[Start of section]
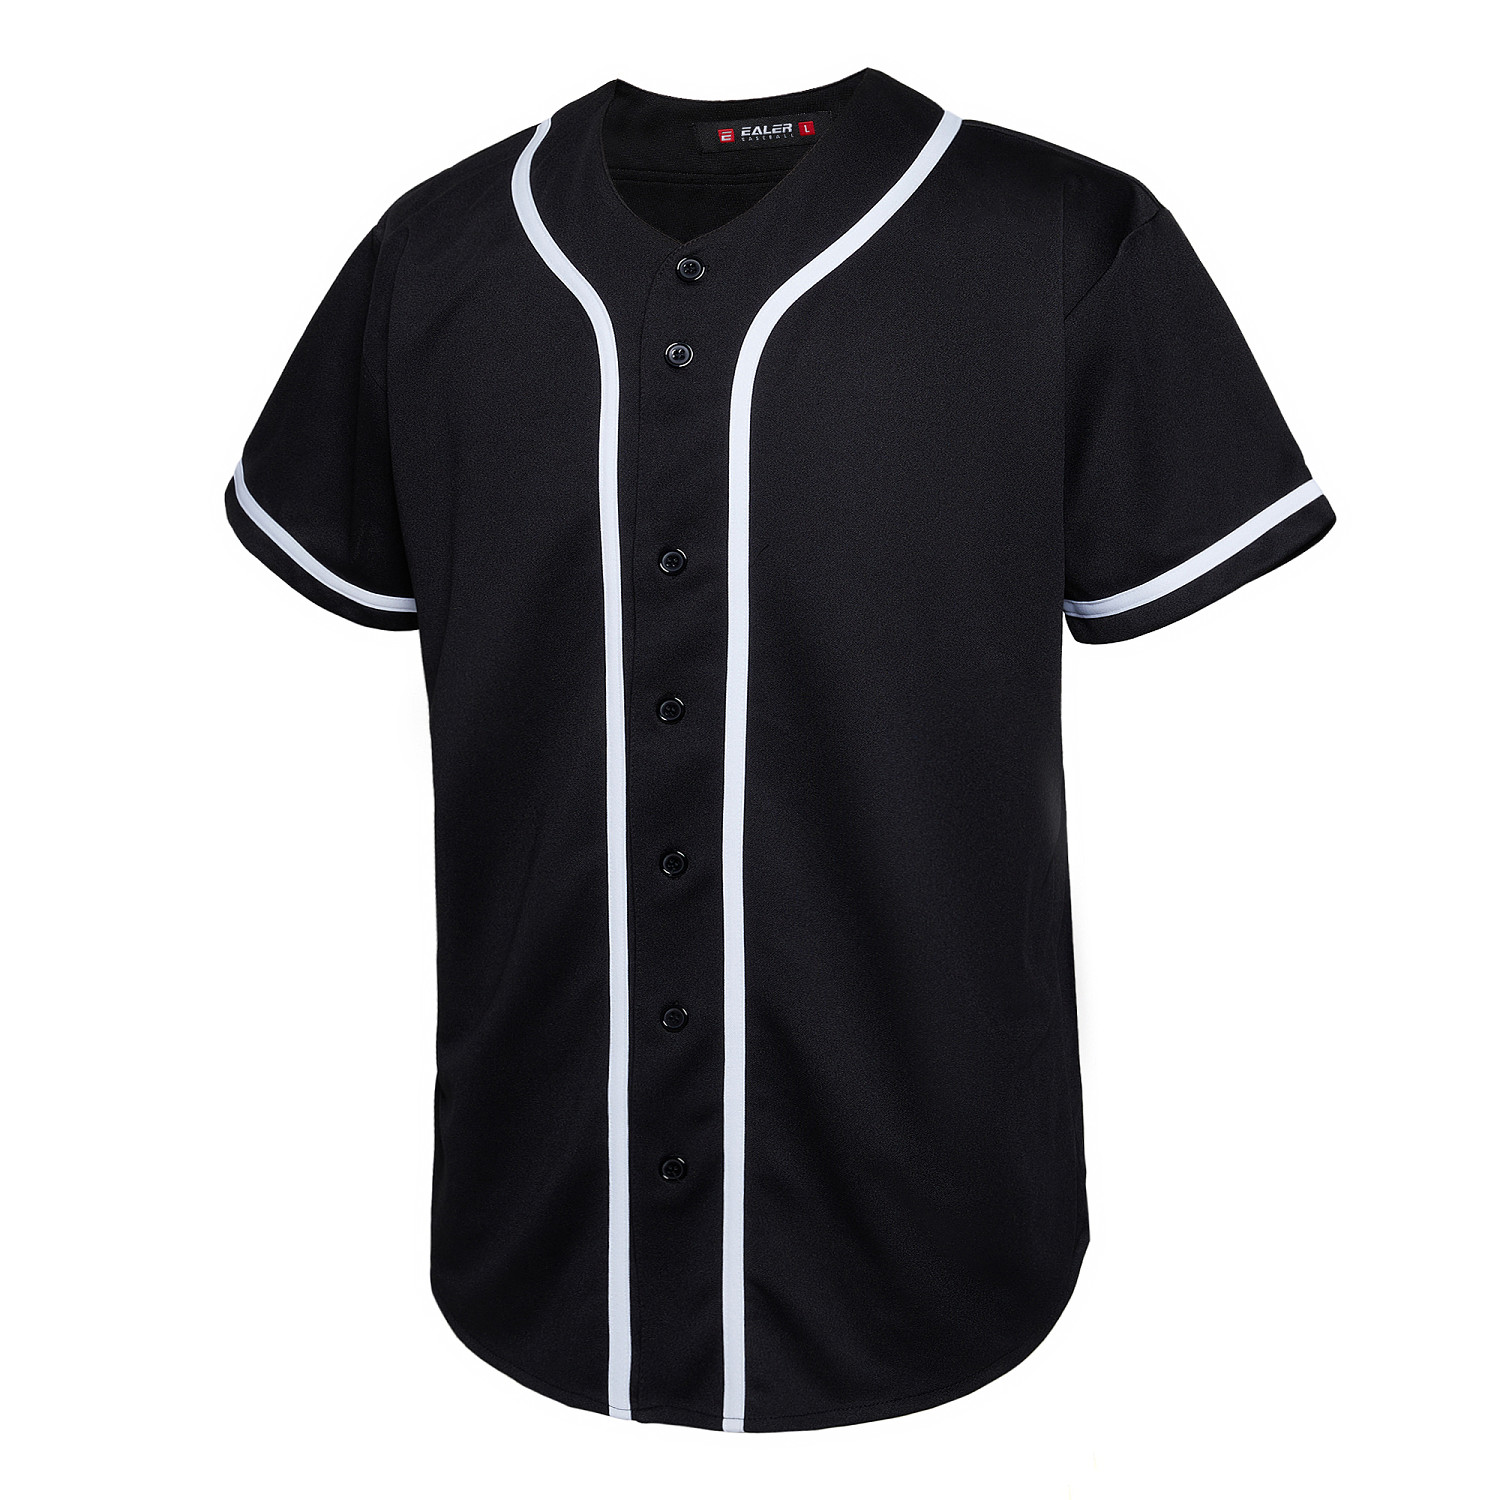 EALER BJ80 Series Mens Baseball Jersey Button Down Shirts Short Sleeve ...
[End of section]
[Start of section]
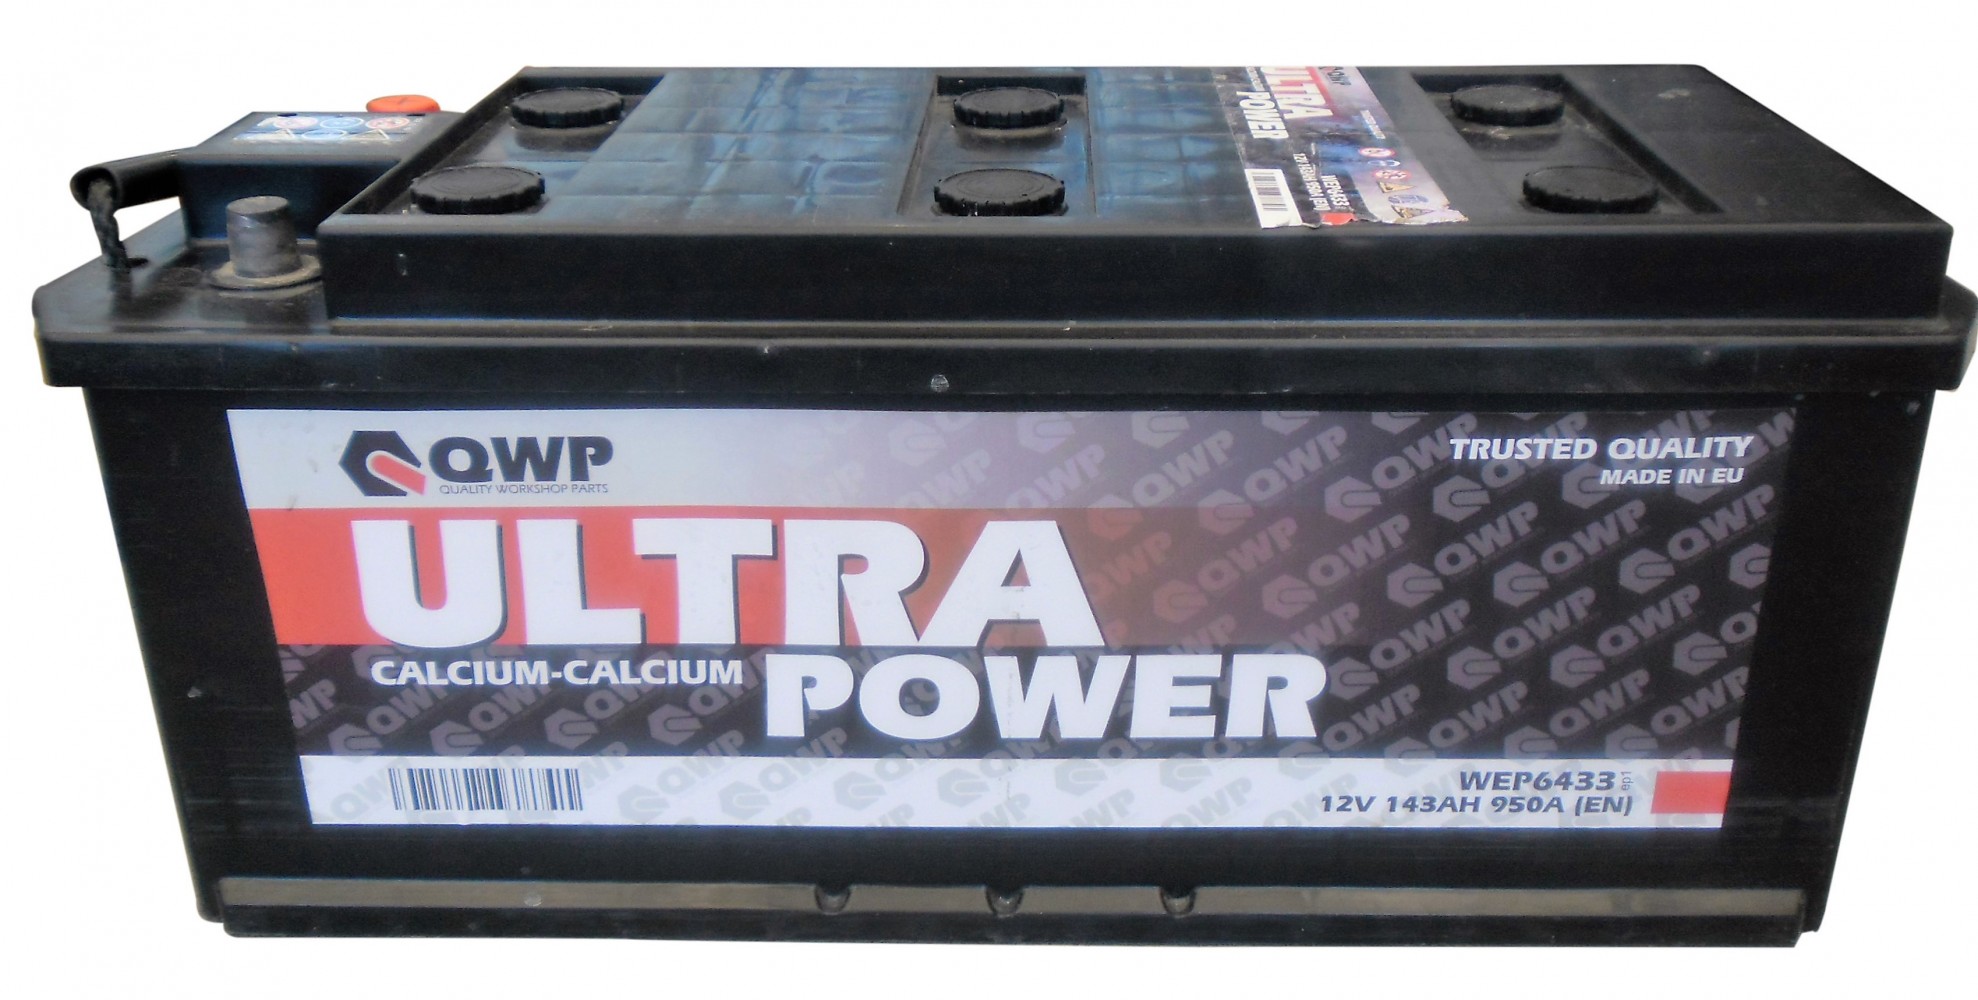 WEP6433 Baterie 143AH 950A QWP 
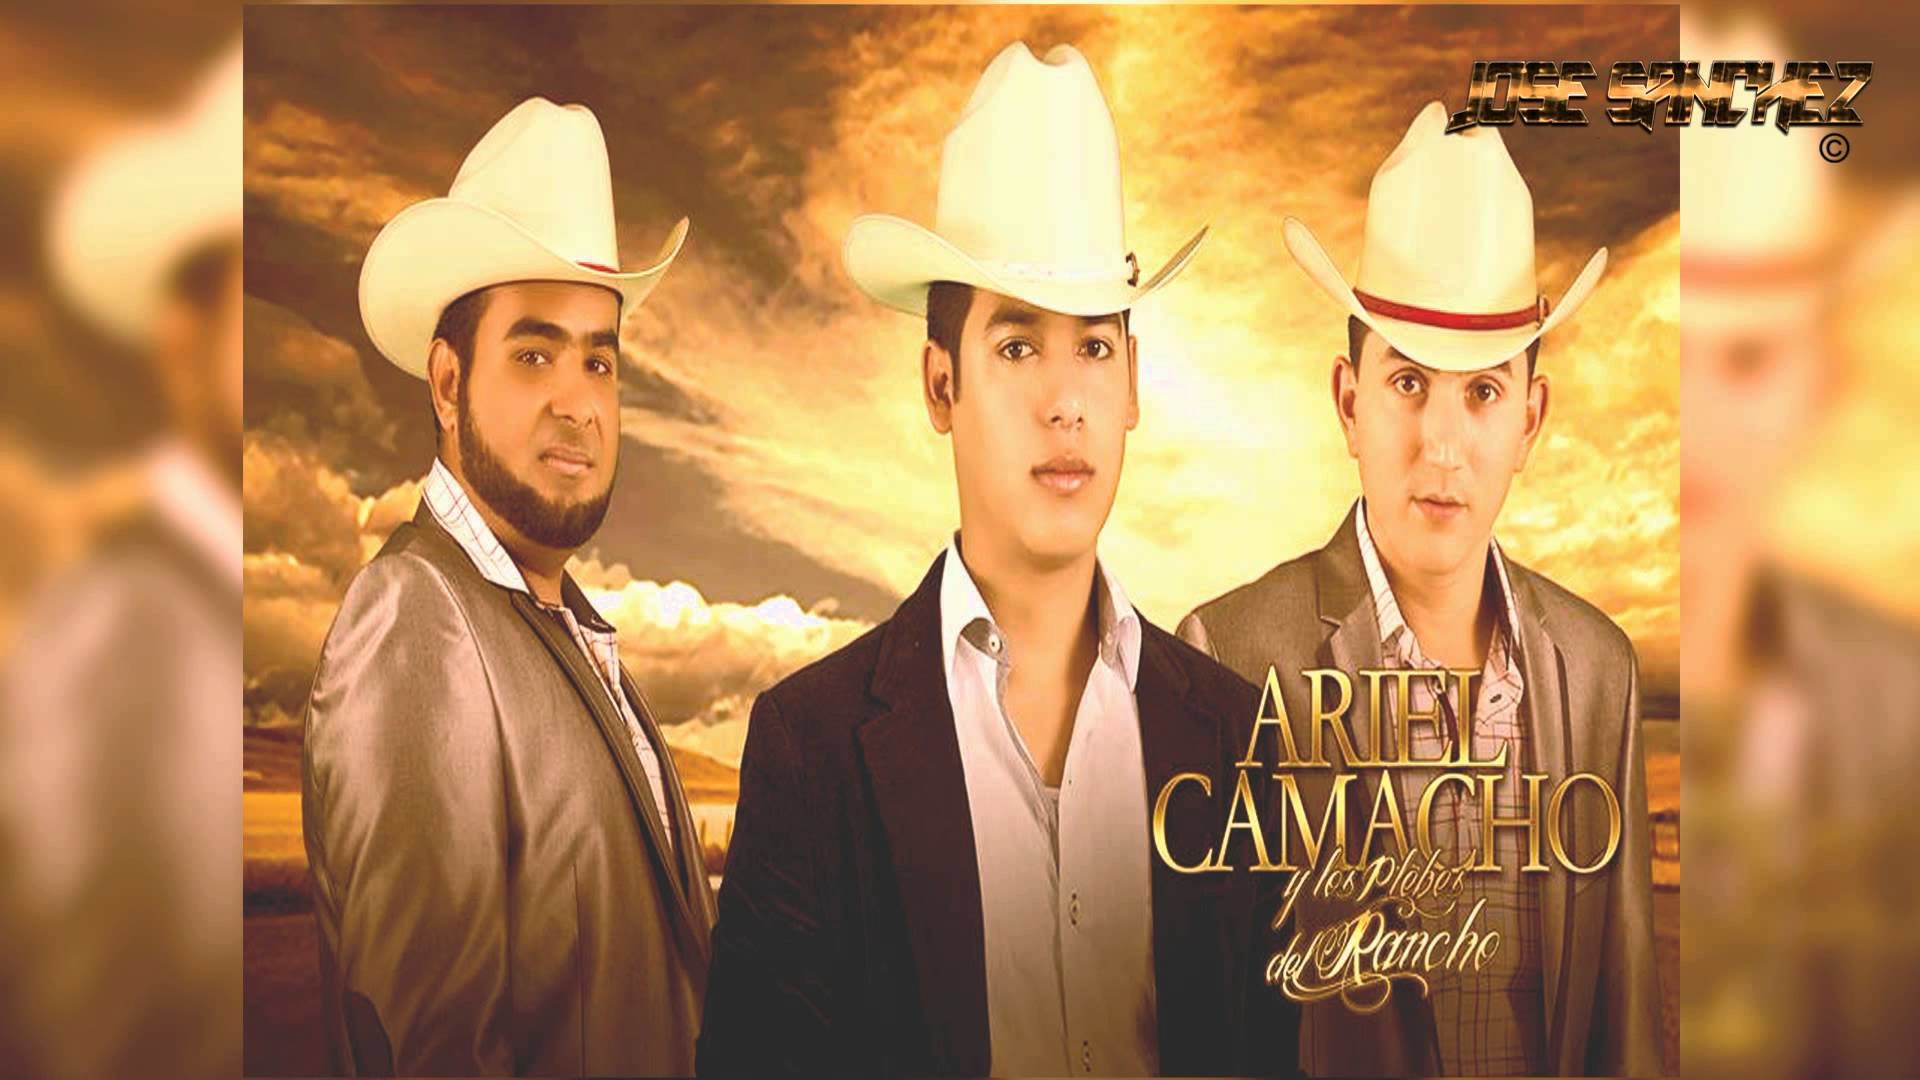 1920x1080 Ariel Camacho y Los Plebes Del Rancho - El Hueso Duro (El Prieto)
[End of section]
[Start of section]
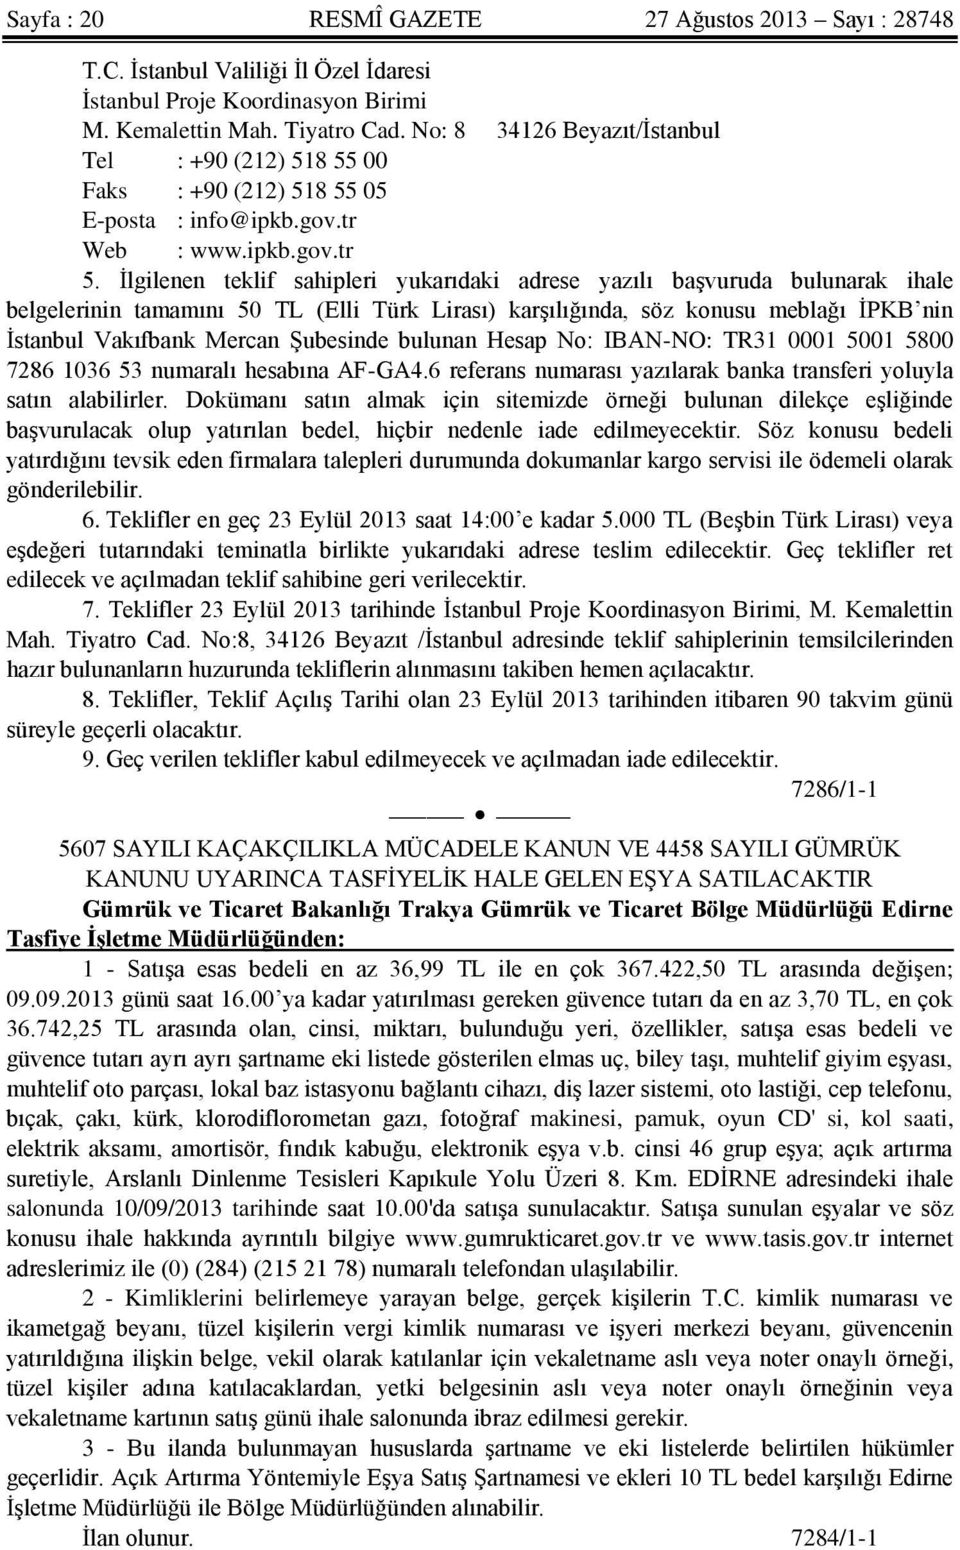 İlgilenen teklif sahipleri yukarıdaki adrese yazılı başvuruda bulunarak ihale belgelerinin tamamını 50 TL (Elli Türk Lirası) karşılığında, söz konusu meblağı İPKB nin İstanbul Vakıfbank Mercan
[End of section]
TASK GOAL
Would you restate, exactly and with no pictures, the lines of the entries above from the one containing "WEP6433 Baterie 143AH 950A QWP" through the one containing "1920x1080 Ariel Camacho"?

RESPONSE BOX
 WEP6433 Baterie 143AH 950A QWP 
 1920x1080 Ariel Camacho y Los Plebes Del Rancho - El Hueso Duro (El Prieto)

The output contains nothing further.